Elsewhere in the interview, Finney responded to the ongoing backlash from bigots over a trans person featuring in the new Doctor Who episodes. New data has revealed that over 140 people filed anti-trans complaints to the BBC, while transphobes review-bombed the episode on Rotten Tomatoes.
“When I read comments saying, ‘Oh you were terrible and also you’re a man’, it just makes me realise that they don’t actually care about the show. There’s always been queer characters throughout the universe,” Finney wisely commented.
She added that she needs “tough skin” to face more anger in the future when she steps into non trans-specfic roles.
But Finney already seems incredibly comfortable in herself and ready to take on the world, sharing wise words for those who might also face abuse or trolling.

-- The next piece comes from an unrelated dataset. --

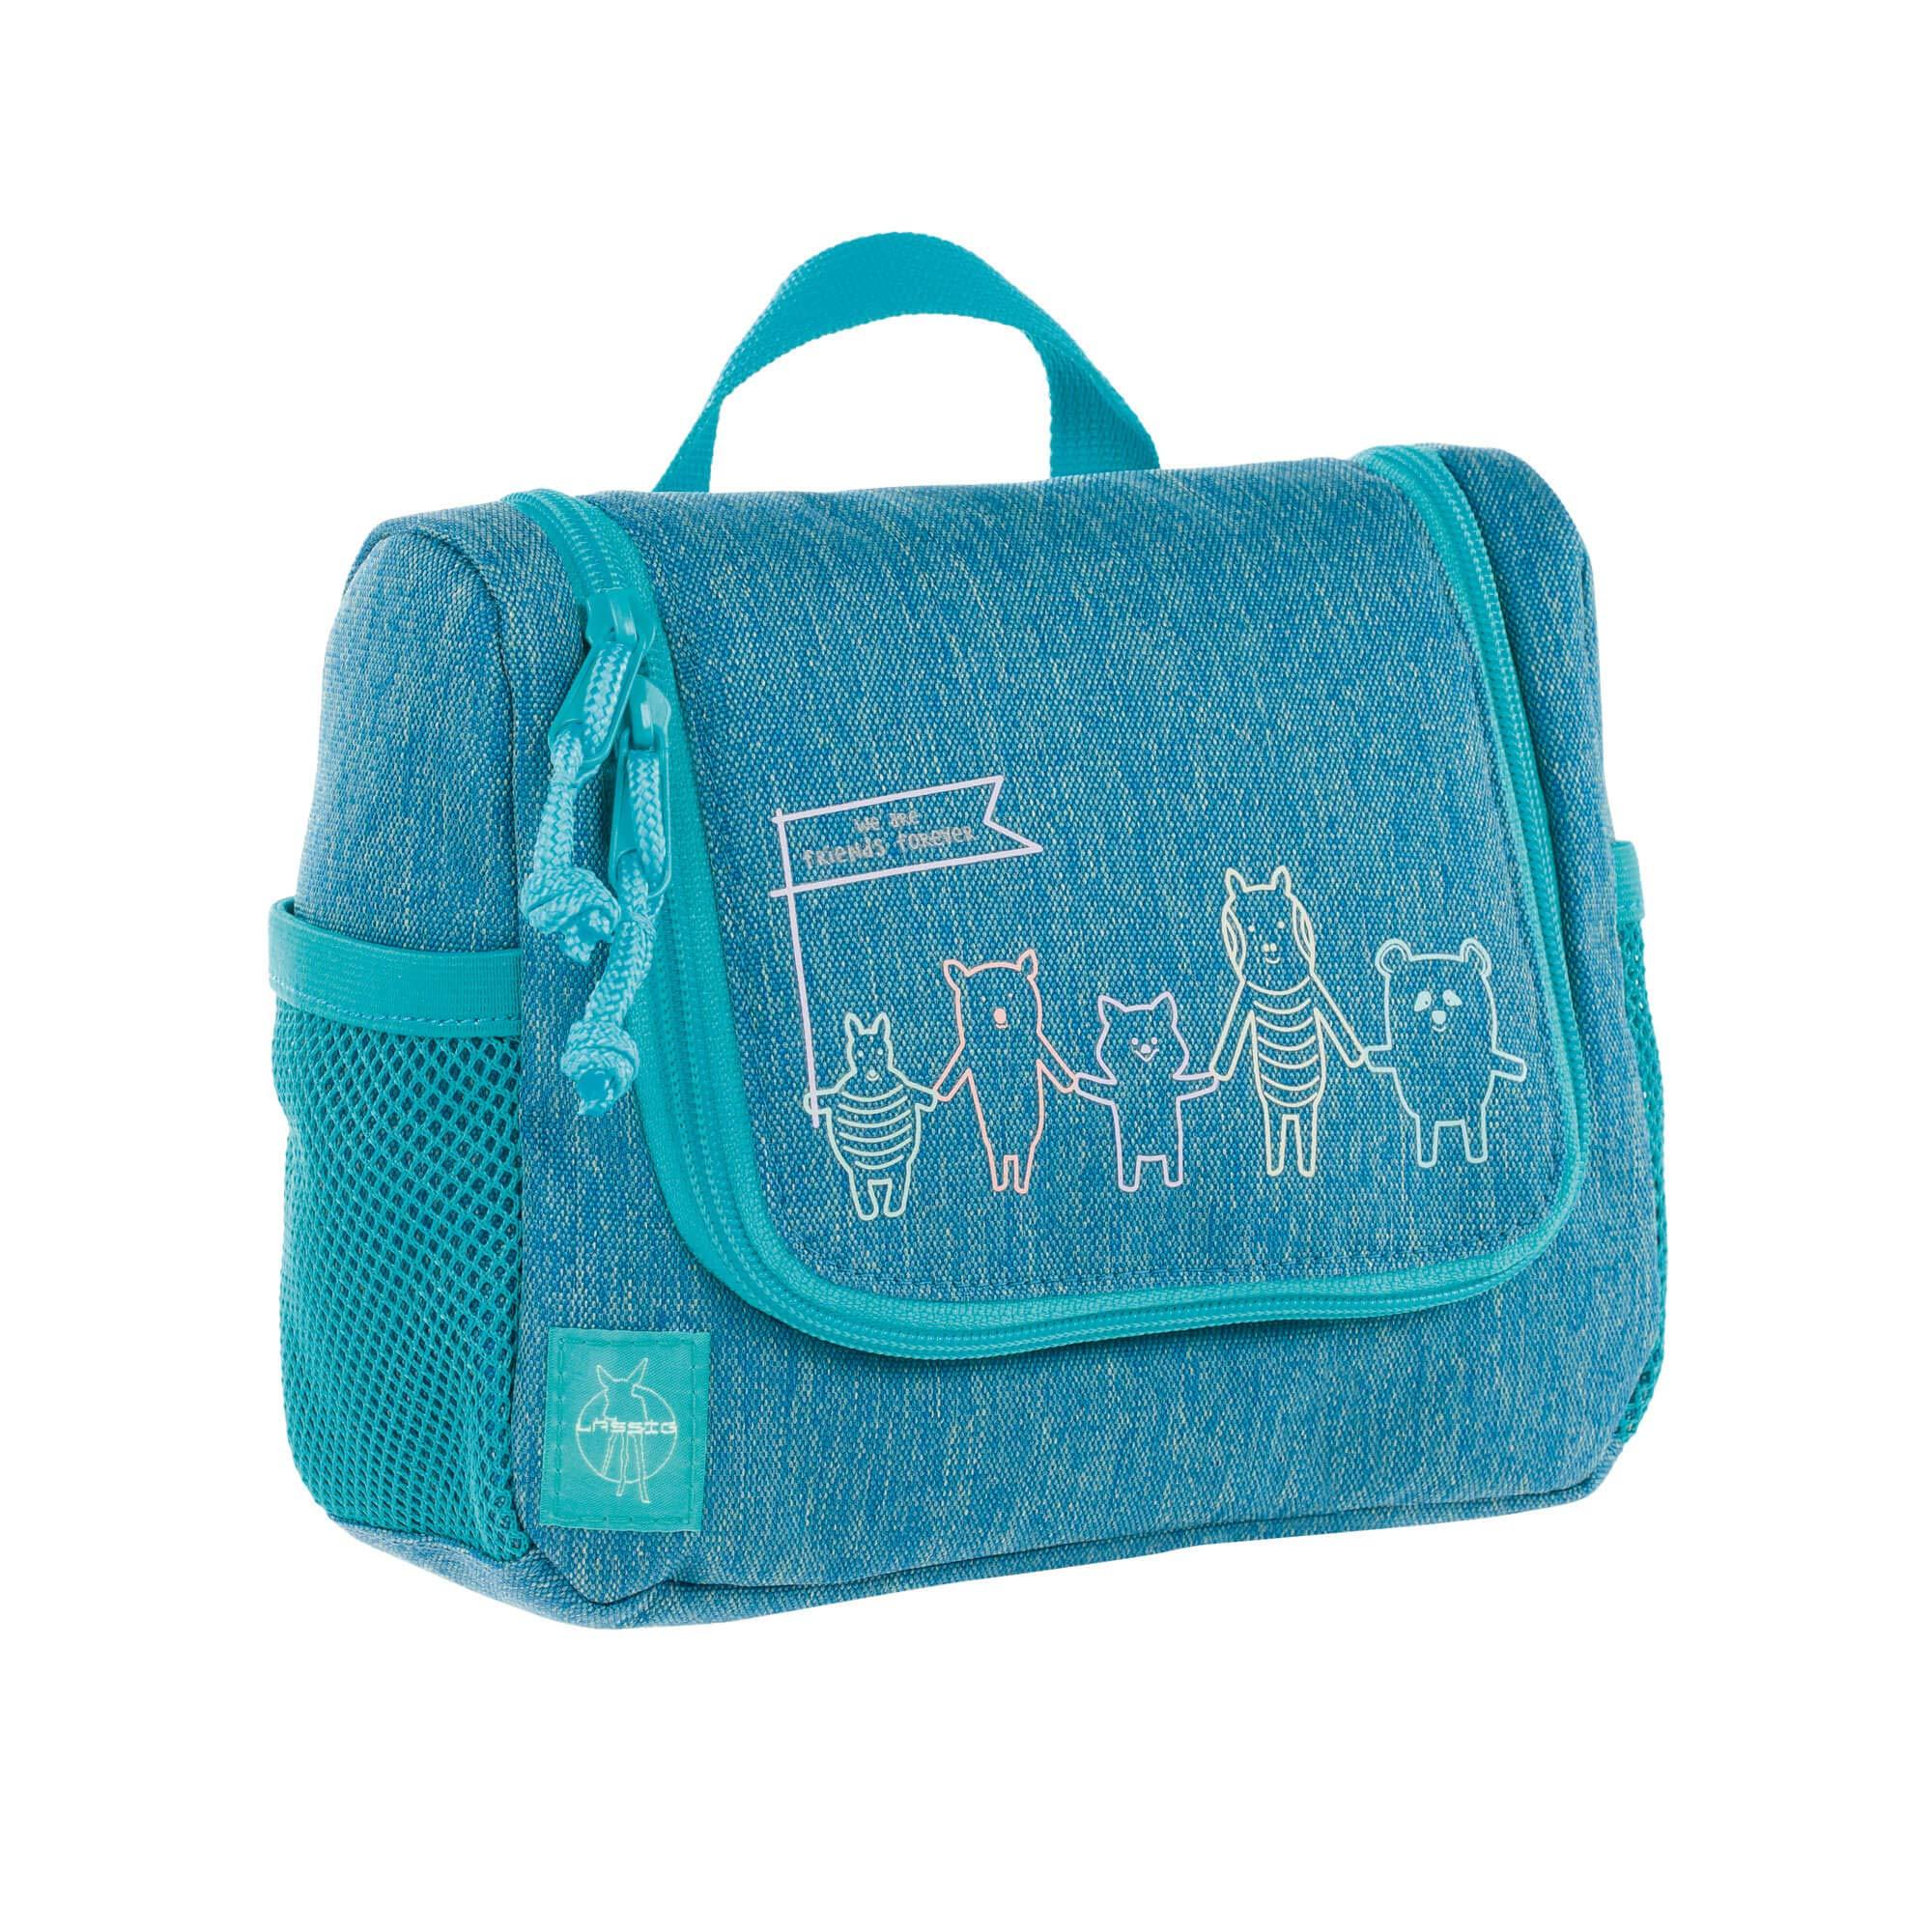 Lässig Mini Washbag, About Friends Mélange Grey

“When you put yourself first, any other comment made by a relative or a family member or a friend, best friend, complete stranger off the streets – you really won’t care,” she concluded.
This is not the end of Rose’s story on the show. Russell T Davies (one of Finney’s biggest champions) recently confirmed Rose would appear in future episodes opposite Gatwa.
“She’s absolutely terrific, and she has more appearances to come, simply because I adore working with her,” Davies told Entertainment Weekly.
Doctor Who returns with the Christmas special “The Church on Ruby Road” at 5:55pm on BBC One and BBC iPlayer. It will stream globally on Disney+.